Phrasal specifications, the ones which request the use of phrases, are built up by parsing the source text. This is often so ambiguous that it is impossible, at first, to narrow down the meaning to a single invocation, and so a phrasal specification builds up a list of possibilities.
The process of type-checking then strikes out definitely incorrect invocations, reducing the size of the list. If it becomes empty, the type-checker produces a Problem message; and similarly if it is impossible to remove mutually exclusive possibilities, for that is an ambiguity which Inform cannot resolve.
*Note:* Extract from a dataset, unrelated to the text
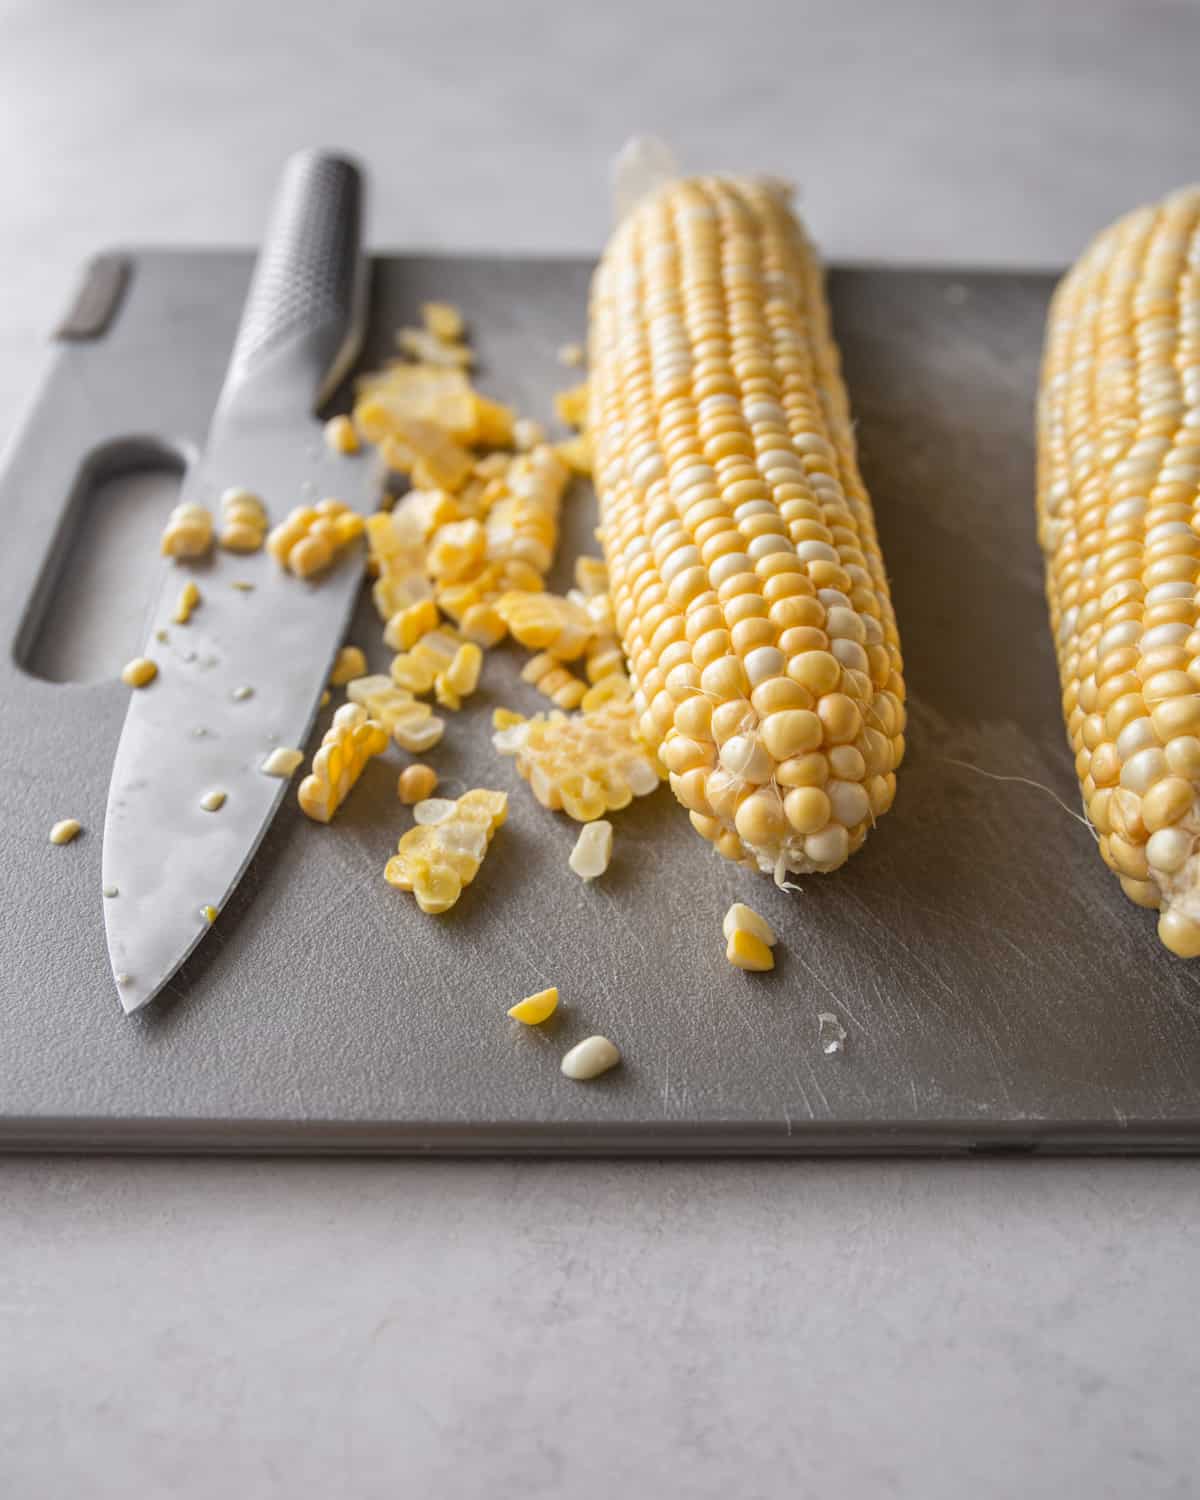 cutting corn kernels off the cob

But a successful type-checking may still leave more than one invocation in the list. There are two reasons for this:
- (a) The list is bunched up into groups, which are numbered within the list from 0 upwards. Type-checking proceeds on each group independently. For most phrases, there is only one group — group 0 — and this business therefore has no effect, but it comes into its own for "say" phrases:
say "The time is ", time of day in words, " and you yawn."
Here what looks like a single phrase is in fact a sequence of three phrases, to say each of the items required, and this gives rise to groups 0, 1 and 2 in the invocation list: each group is treated as, in effect, a separate phrase in its own right. (Except that compilation of the final group has a small difference: that's where Inform appends a line break to text which, from its punctuation, apparently ends a sentence.) Groups are not interleaved: the list starts with the whole of group 0, then the whole of group 1, and so on.
- (b) More interestingly, type-checking of any individual invocation has three possible outcomes, not two: as in Scottish law, the verdict can be guilty, not guilty, or "not proven". An invocation which can be disproved is thrown out of the list; but of the remainder, some are marked as proven to be correct, some as unproven. What this means is that we cannot tell at compile-time whether the usage is valid, but that we will be able to tell at run-time: so the code-generator must compile suitable disambiguation code to perform this run-time checking automatically.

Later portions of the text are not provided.